What are the Big Issues and Opportunities

for the Petroleum Industry?

John G. Kaldi

University of Adelaide

Abstract:

Carbon Capture and Storage (CCS) can make significant cuts in Greenhouse Gas emissions, and will need to be part of the development of future energy resources worldwide. CCS technology comprises a number of steps: 1) CO2 is captured at the source (eg a power plant or gas production facility); 2) the captured CO2 is compressed to a supercritical state and transported, typically via pipeline, from the source to the geologic storage site; 3) the CO2 is injected via conventional wells into the geologic reservoir; and, 4) the CO2 is stored (trapped) in the geologic reservoir, where its movement is carefully monitored and the quantity stored is regularly verified.

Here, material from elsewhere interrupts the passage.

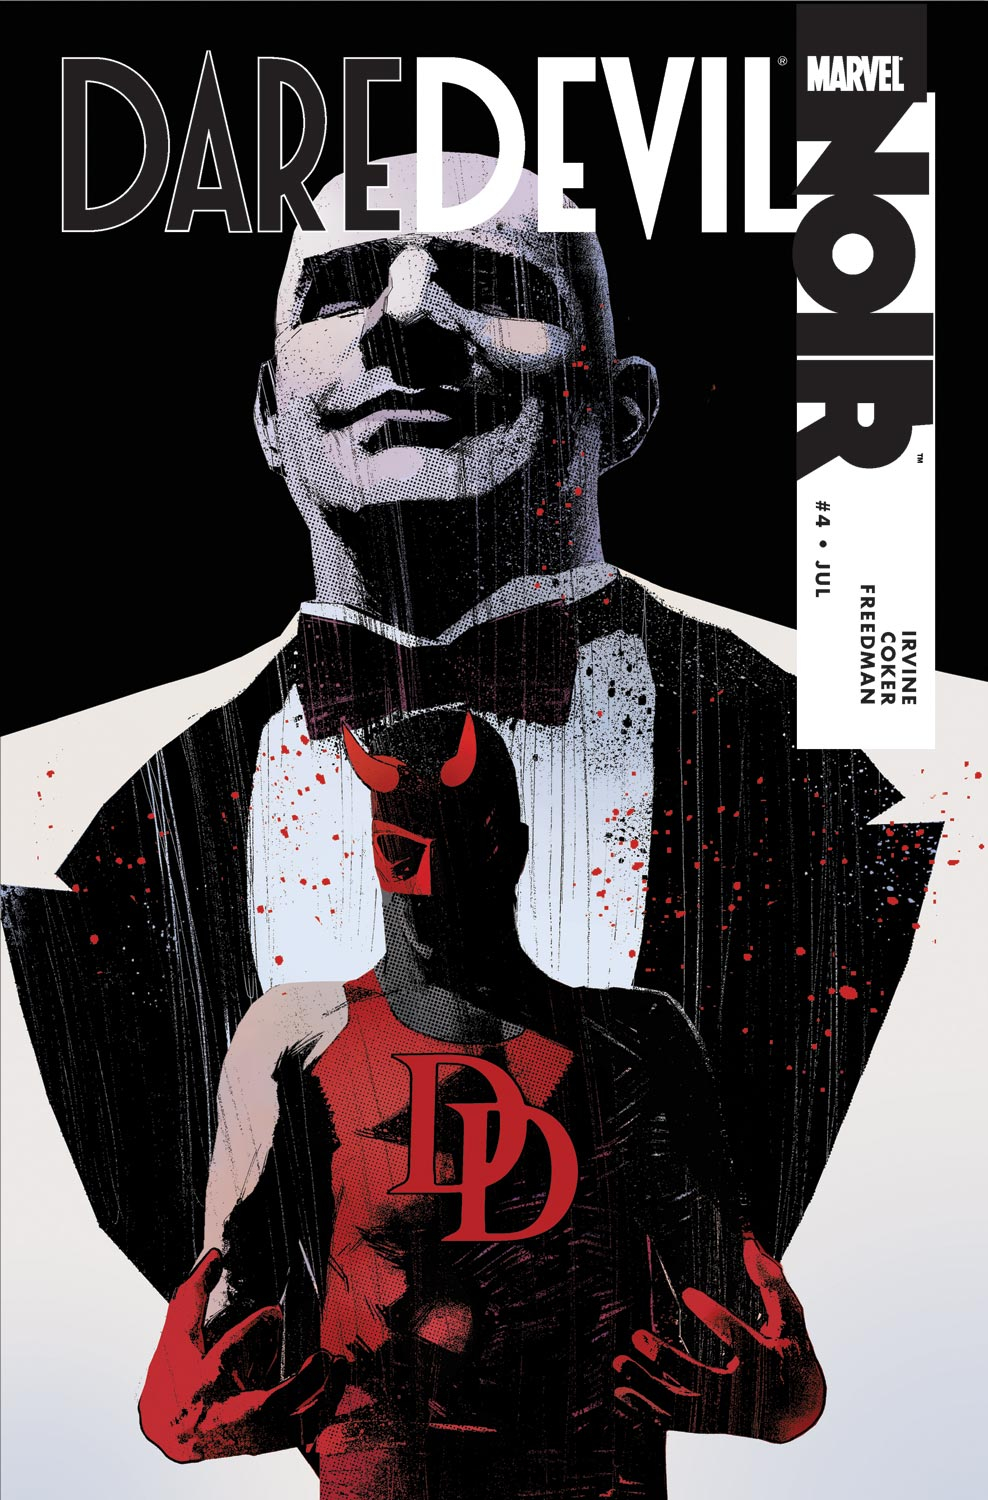 Daredevil Noir (2009) #4

Depleted oil and gas fields, which generally have proven geologic traps, reservoirs and seals, are ideal sites for storage of injected CO2. However, storage in saline aquifers, which rely on other trapping mechanisms such as solubility, residual and mineral trapping may be volumetrically more significant trapping mechanisms worldwide. Monitoring the behaviour of the stored CO2 includes both direct and remote technologies that can be deployed on the surface and in boreholes. These technologies record properties such as pressure, temperature, resistivity and sonic responses in both injection and observation wells. Other monitoring involves time-lapse seismic, microseismic, petrophysical and geochemical sampling, including tracer and isotope analysis. Systematic risk assessment for all storage sites considers both the engineered and natural systems. The engineered systems consist of the wells, the plant and the gathering line; the natural system includes the geology of the reservoir, the overlying and underlying sealing formations, faults and the groundwater flow regimes. CCS will undoubtedly provide entirely new challenges to the way we evaluate and monetize our future energy resources. Can these challenges be turned into opportunities? Successful deployment of CCS will require top quality science, specific infrastructure, appropriate regulations, clarity on liability issues and acceptance by the community. Organisations and individuals suitably skilled in these aspects stand to benefit tremendously from CCS.

Biography:

John Kaldi is the Chief Scientist for the Cooperative Research Centre for Greenhouse Gas Technologies (CO2CRC), and Professor and Chair of Geosequestration at the University of Adelaide. John was the inaugural Head of the Australian School of Petroleum (ASP) and Director of the National Centre for Petroleum Geology and Geophysics (NCPGG) at University of Adelaide. Prior to academia, John spent 18 years in the Petroleum Industry in both technical and managerial roles with Shell, Arco and Vico. He has received Distinguished Service, Honorary member and Special Commendation awards from AAPG and has been an AAPG and PESA Distinguished Lecturer. He serves on the SPE committee for CCS and provides continuing education  courses on Carbon Capture & Storage, Reservoir and Seal Evaluation, and Capillary Pressure Principles.  He has been the author and presenter of over 150 journal articles and technical conference papers.